A site you haven't touched in two years is a site that's answering questions people have stopped asking.
What does ongoing actually mean
This is where people get suspicious, and fairly so. "Ongoing SEO" is a phrase agencies use to justify a retainer without ever saying what they're doing.
So here's what it means in practice, month to month:
Watching the rankings, not just reporting them. Positions drop for reasons. Finding out why is the job.
Publishing content that answers real questions. Not blogs for the sake of blogs. The specific things people ask you on the phone before they buy.
Refreshing pages that have gone stale. Old pages that used to rank often need updating, not replacing.
Fixing what breaks. Sites break quietly. A redirect goes wrong, a page gets deindexed, a form stops sending. Nobody notices until the enquiries stop.
Watching competitors. When someone overtakes you, you want to know what they did, not just that it happened.
Building authority. Mentions, citations, links, being genuinely known for something. This is the slow part, and it's the part that lasts.
None of that is glamorous. All of it compounds.
The uncomfortable maths
A one-off SEO project is cheaper. Obviously. And if your business is a hobby, it might be the right call.

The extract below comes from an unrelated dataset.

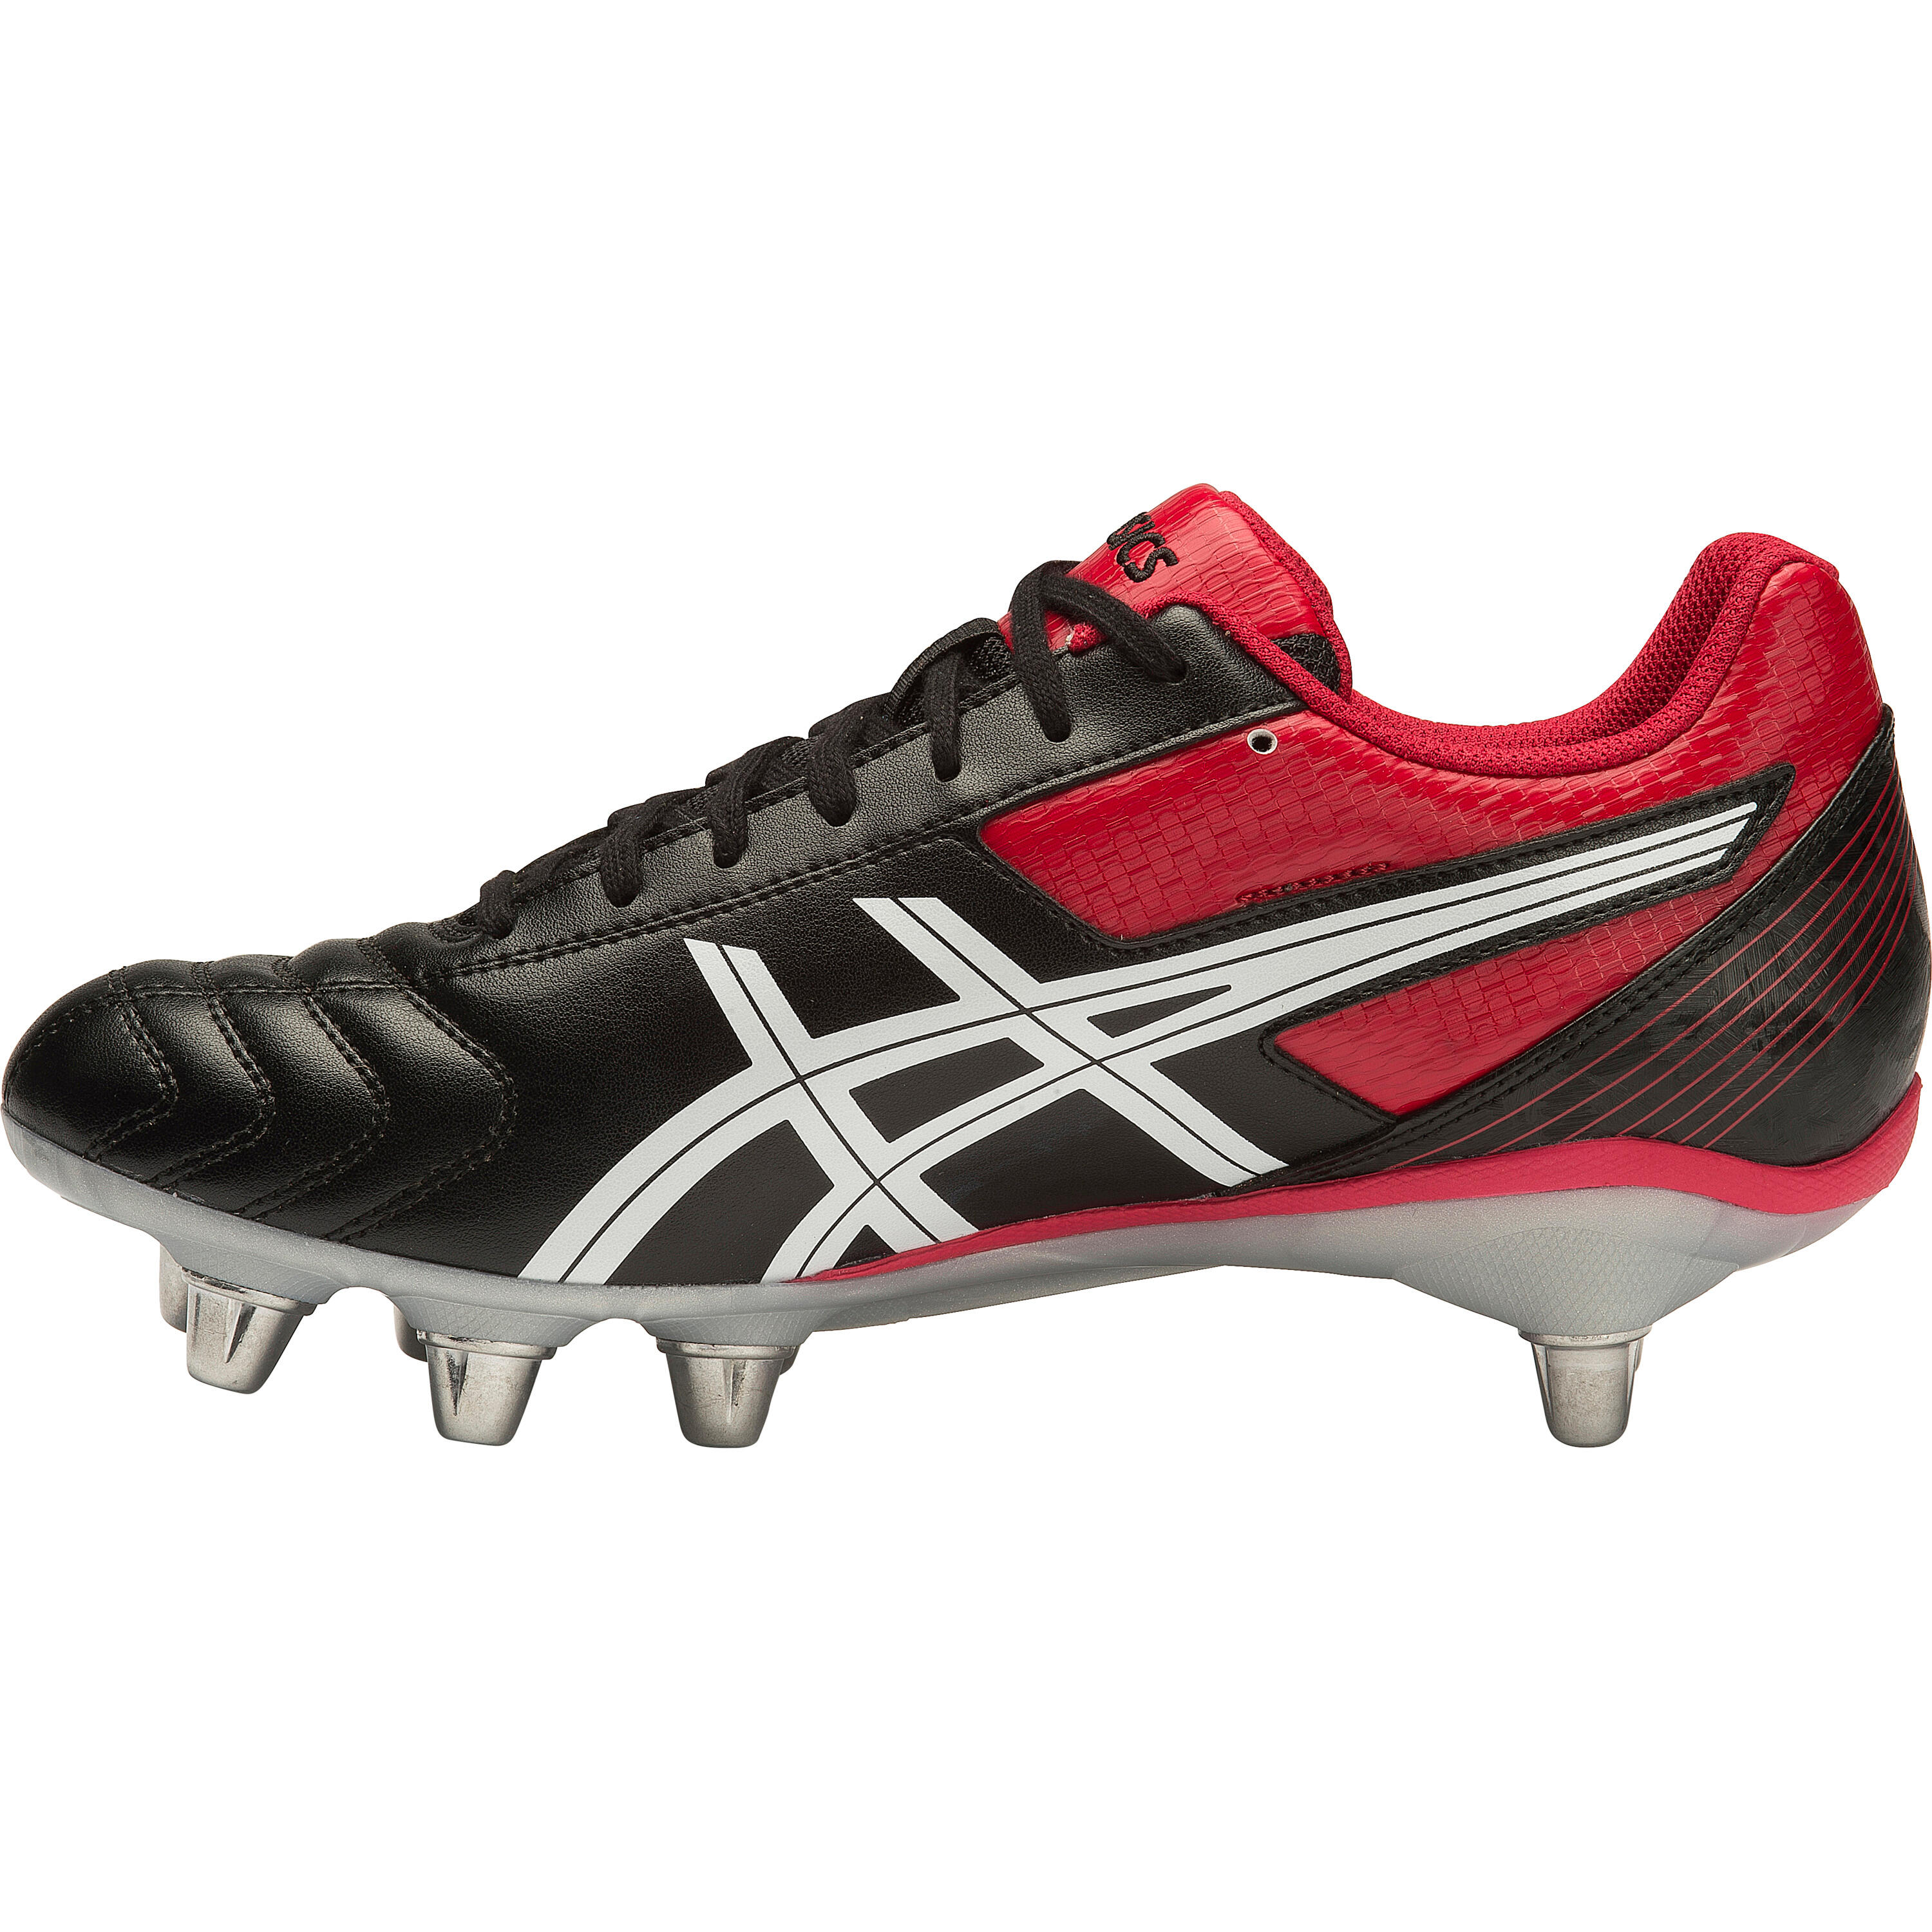 Asics Lethal Tackle Soft Ground Rugby Boots Adults  7 UK black/racing red/white 4/5

But if your website is meant to bring you work, then think about what a single job is worth to you. One decent client. One good contract. Now think about how many of those you lose in the year your site quietly slides from position three to position eleven, where nobody clicks. It's the same silent leak we wrote about in your website is losing you clients.

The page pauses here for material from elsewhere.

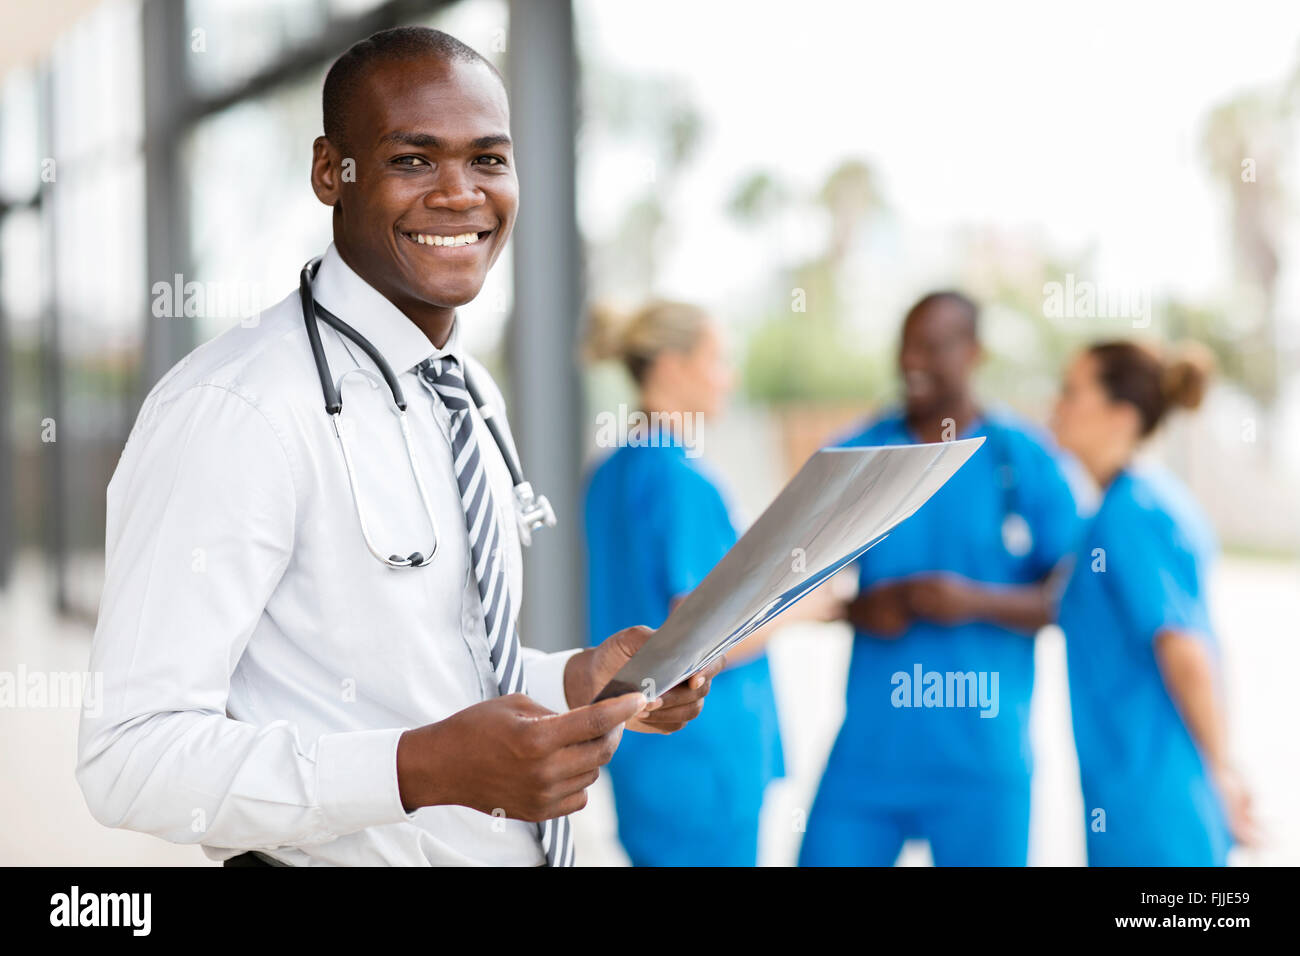 portrait of young African hospital doctor holding patient's x-ray Stock Photo

Ongoing SEO isn't a cost you carry. It's a position you're paying to keep.
The businesses that dominate their local search results aren't smarter than you. They've just been at it longer, and they didn't stop when it got boring.
Try this today
Open an incognito window. Search for the exact thing you actually sell, plus your town.

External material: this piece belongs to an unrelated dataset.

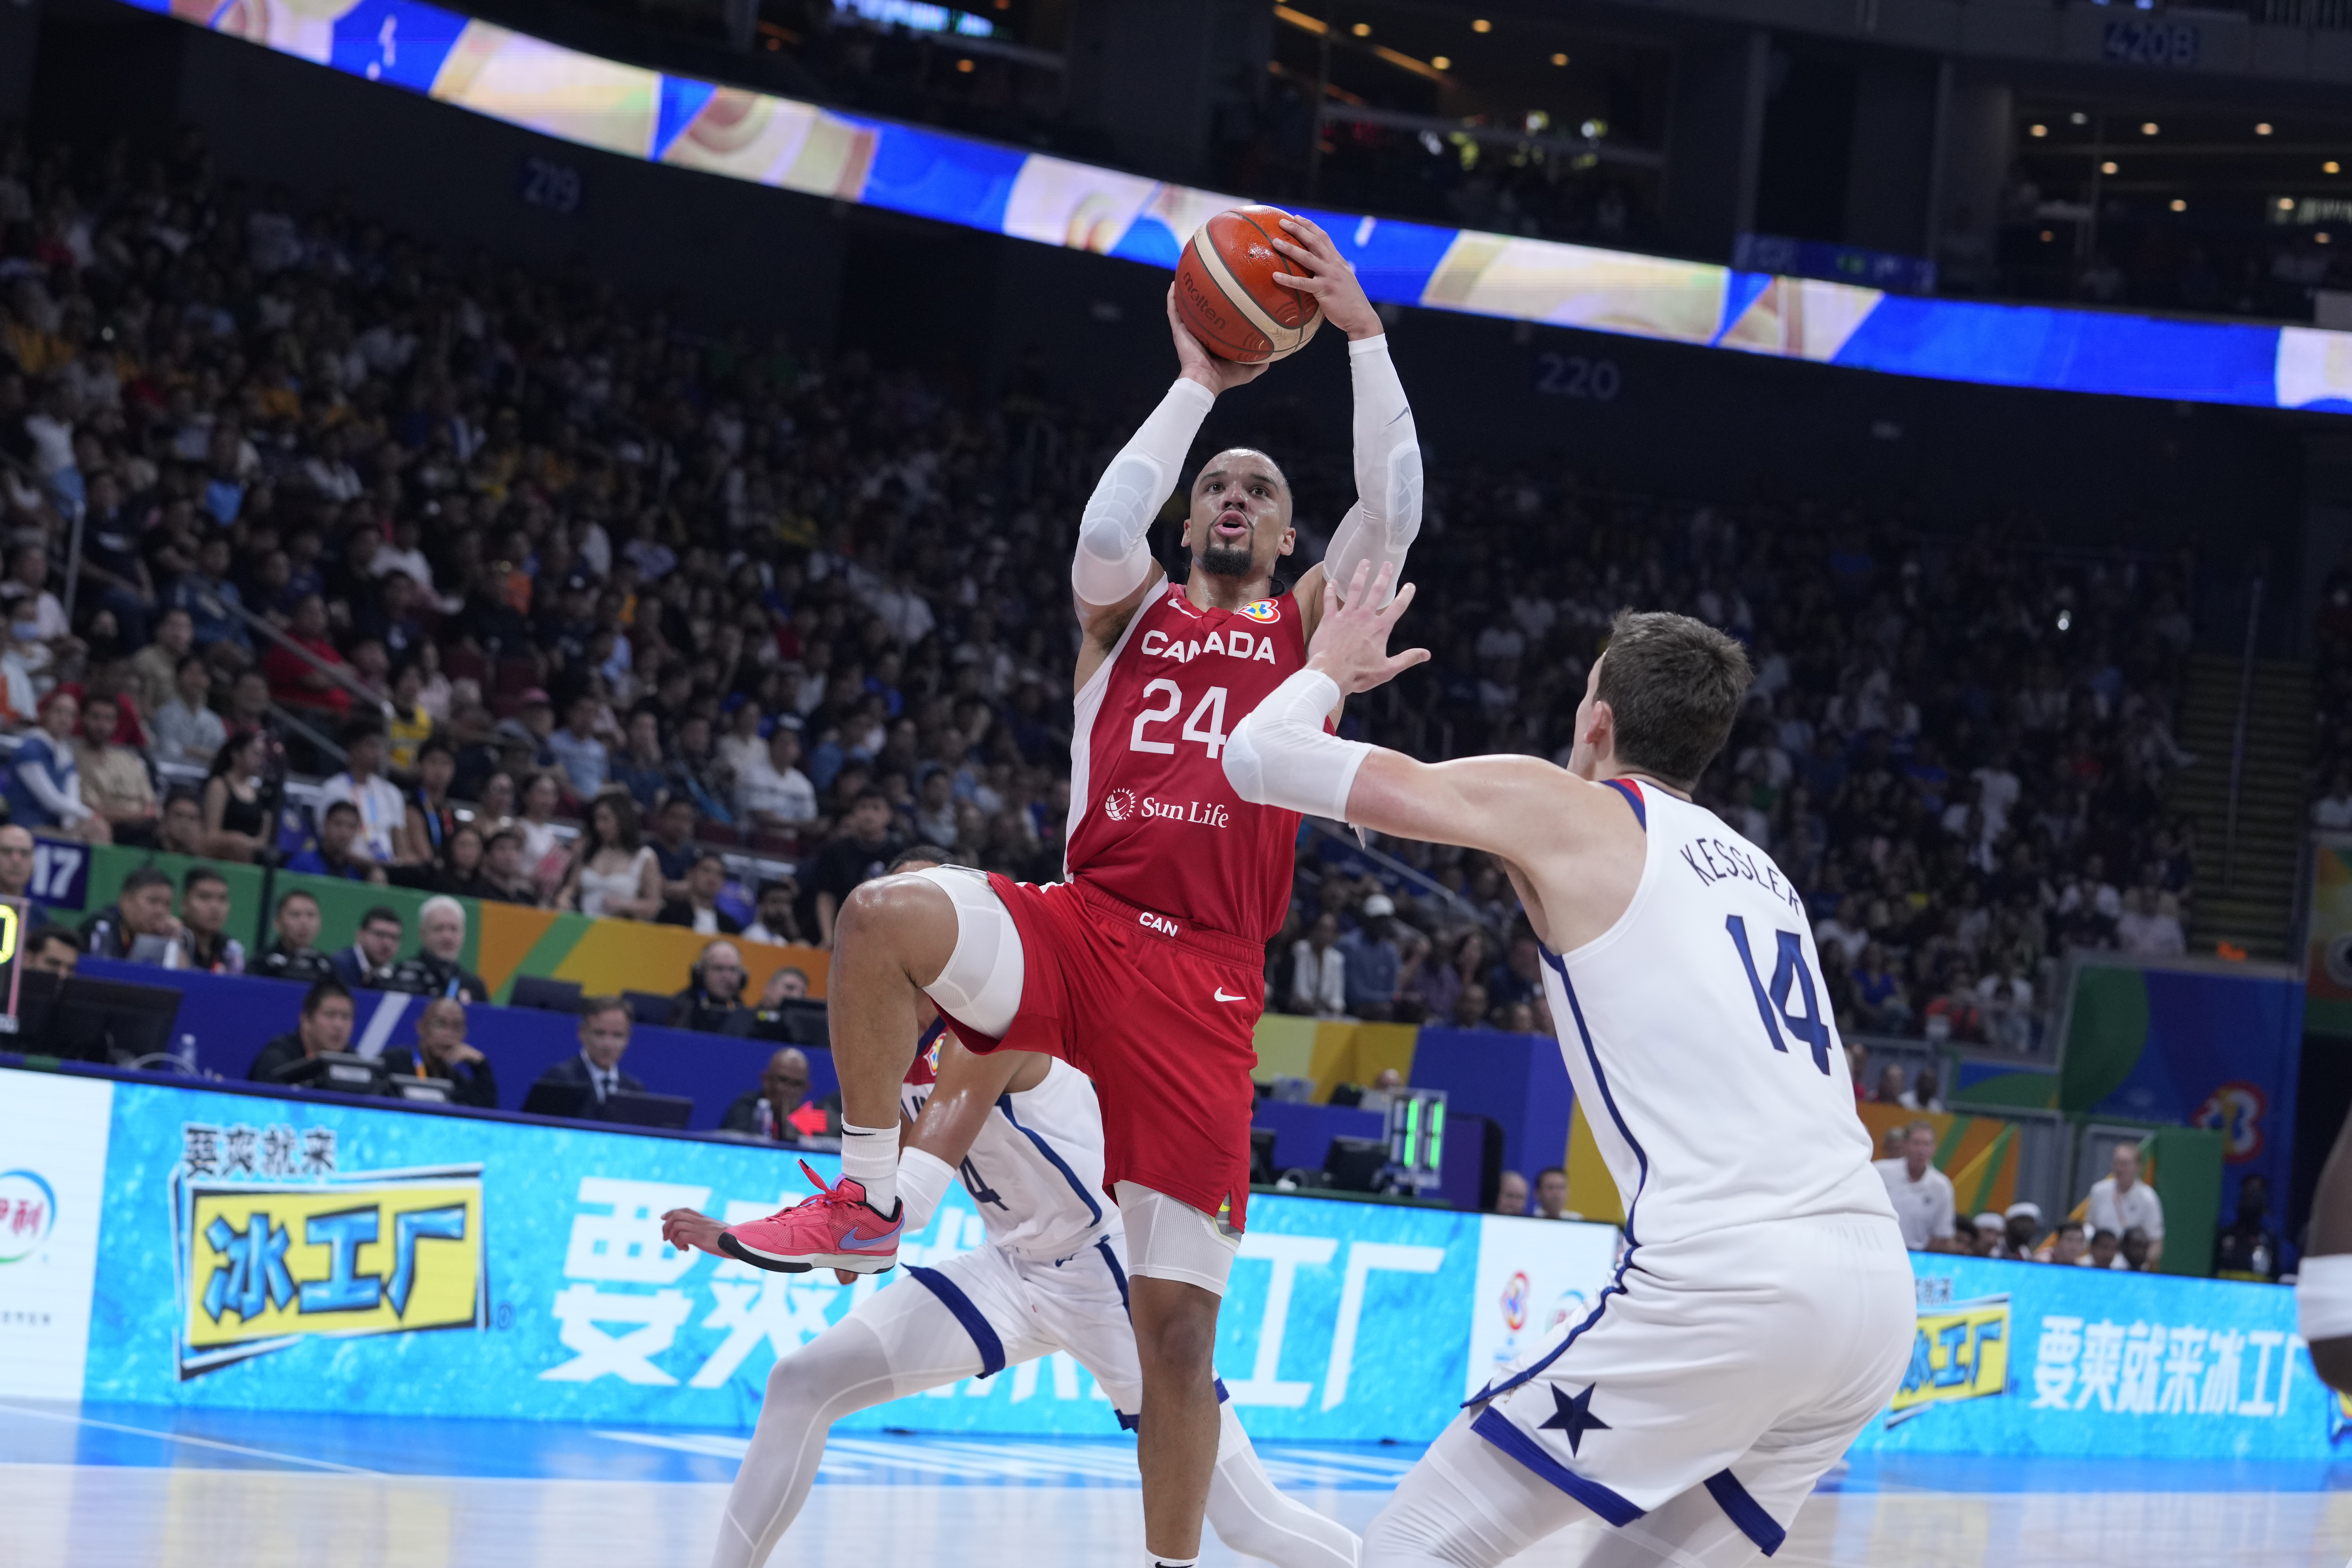 Watch: Dillon Brooks' record-setting performance powers Canada's

Then look at who's above you.
If it's the same competitor it was two years ago, they've been working. If it's someone new, they've been working harder.
Either way, that's the answer to why you're not on page one.
If your rankings have quietly slipped and you're not sure why, drop us a line, and we'll take a look at where you actually stand, then tell you straight whether it's worth doing something about.
Matt
Frequently asked questions
How long does SEO take to work?
Usually, three to six months before you see meaningful movement, and longer in competitive markets. Anyone promising page one in thirty days is either lying or targeting keywords nobody searches for.
Can't I just do SEO once and leave it?
You can, and it'll work for a while. But rankings decay. Competitors publish. Google changes. A site left alone for two years will almost always slide, even if nothing about it got worse.
My rankings dropped, and I haven't changed anything. Why?
That's usually the reason. Either a competitor overtook you, or an algorithm update reshuffled the results, or something on the site broke quietly. All three are common, and all three are fixable, but you have to be looking.
Do I need to blog to rank?
You don't need to blog. You need to answer the questions your customers ask before they buy. Sometimes that's a blog. Sometimes it's a better service page or a proper FAQ section. Publishing for the sake of publishing helps nobody.
Does AI search change any of this?
It raises the bar. AI tools pull from sites with clear structure, genuine expertise and current information. The fundamentals are the same, be genuinely useful and easy to understand, but being out of date now costs you more than it used to.
What does ongoing SEO actually involve month to month?
Monitoring rankings and diagnosing drops, publishing and refreshing content, fixing technical issues, tracking competitors and building authority. If an agency can't tell you specifically what they did last month, they probably didn't do much.